Dataset items:
"""

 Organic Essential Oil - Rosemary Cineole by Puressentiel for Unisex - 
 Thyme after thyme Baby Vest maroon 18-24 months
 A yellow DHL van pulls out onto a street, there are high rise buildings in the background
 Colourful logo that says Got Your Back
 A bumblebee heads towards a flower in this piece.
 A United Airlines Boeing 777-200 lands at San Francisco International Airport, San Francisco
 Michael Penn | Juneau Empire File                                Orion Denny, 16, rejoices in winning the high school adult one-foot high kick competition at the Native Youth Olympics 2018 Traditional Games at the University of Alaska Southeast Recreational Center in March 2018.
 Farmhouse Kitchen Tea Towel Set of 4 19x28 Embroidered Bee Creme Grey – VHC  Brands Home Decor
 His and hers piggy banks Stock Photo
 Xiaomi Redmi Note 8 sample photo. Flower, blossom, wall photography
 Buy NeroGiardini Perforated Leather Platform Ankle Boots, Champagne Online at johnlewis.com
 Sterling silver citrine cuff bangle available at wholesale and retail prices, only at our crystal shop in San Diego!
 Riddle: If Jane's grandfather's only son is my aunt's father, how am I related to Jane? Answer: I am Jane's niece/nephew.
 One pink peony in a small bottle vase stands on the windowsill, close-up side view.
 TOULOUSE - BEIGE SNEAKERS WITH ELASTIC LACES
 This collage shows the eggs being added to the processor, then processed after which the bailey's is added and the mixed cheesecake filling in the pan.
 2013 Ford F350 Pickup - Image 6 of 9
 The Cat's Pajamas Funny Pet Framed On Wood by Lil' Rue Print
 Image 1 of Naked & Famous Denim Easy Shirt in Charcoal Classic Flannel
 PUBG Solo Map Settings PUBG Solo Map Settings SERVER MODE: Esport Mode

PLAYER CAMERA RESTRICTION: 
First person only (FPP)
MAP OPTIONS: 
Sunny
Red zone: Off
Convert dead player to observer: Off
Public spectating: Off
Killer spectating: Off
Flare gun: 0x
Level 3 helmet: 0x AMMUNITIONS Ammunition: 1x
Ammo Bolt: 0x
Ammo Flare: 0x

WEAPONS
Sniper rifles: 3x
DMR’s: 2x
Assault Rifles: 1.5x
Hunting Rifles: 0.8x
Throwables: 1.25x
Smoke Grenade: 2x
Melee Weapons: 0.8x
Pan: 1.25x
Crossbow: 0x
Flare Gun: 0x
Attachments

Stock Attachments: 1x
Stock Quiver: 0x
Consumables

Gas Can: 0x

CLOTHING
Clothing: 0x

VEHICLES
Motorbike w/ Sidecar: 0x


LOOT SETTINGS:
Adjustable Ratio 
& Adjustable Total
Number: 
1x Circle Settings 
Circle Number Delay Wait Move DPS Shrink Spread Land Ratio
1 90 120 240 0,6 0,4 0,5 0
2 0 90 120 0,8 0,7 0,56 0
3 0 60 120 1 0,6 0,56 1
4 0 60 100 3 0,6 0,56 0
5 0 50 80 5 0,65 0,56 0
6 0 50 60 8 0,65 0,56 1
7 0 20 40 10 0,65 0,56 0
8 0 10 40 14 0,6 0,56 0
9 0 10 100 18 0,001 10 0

"""

● Directions for this task
Restate exactly, and only, every line from the one that contains "Smoke Grenade: 2x" through the last line of the records.

● Reply to the exercise
Smoke Grenade: 2x
Melee Weapons: 0.8x
Pan: 1.25x
Crossbow: 0x
Flare Gun: 0x
Attachments

Stock Attachments: 1x
Stock Quiver: 0x
Consumables

Gas Can: 0x

CLOTHING
Clothing: 0x

VEHICLES
Motorbike w/ Sidecar: 0x


LOOT SETTINGS:
Adjustable Ratio 
& Adjustable Total
Number: 
1x Circle Settings 
Circle Number Delay Wait Move DPS Shrink Spread Land Ratio
1 90 120 240 0,6 0,4 0,5 0
2 0 90 120 0,8 0,7 0,56 0
3 0 60 120 1 0,6 0,56 1
4 0 60 100 3 0,6 0,56 0
5 0 50 80 5 0,65 0,56 0
6 0 50 60 8 0,65 0,56 1
7 0 20 40 10 0,65 0,56 0
8 0 10 40 14 0,6 0,56 0
9 0 10 100 18 0,001 10 0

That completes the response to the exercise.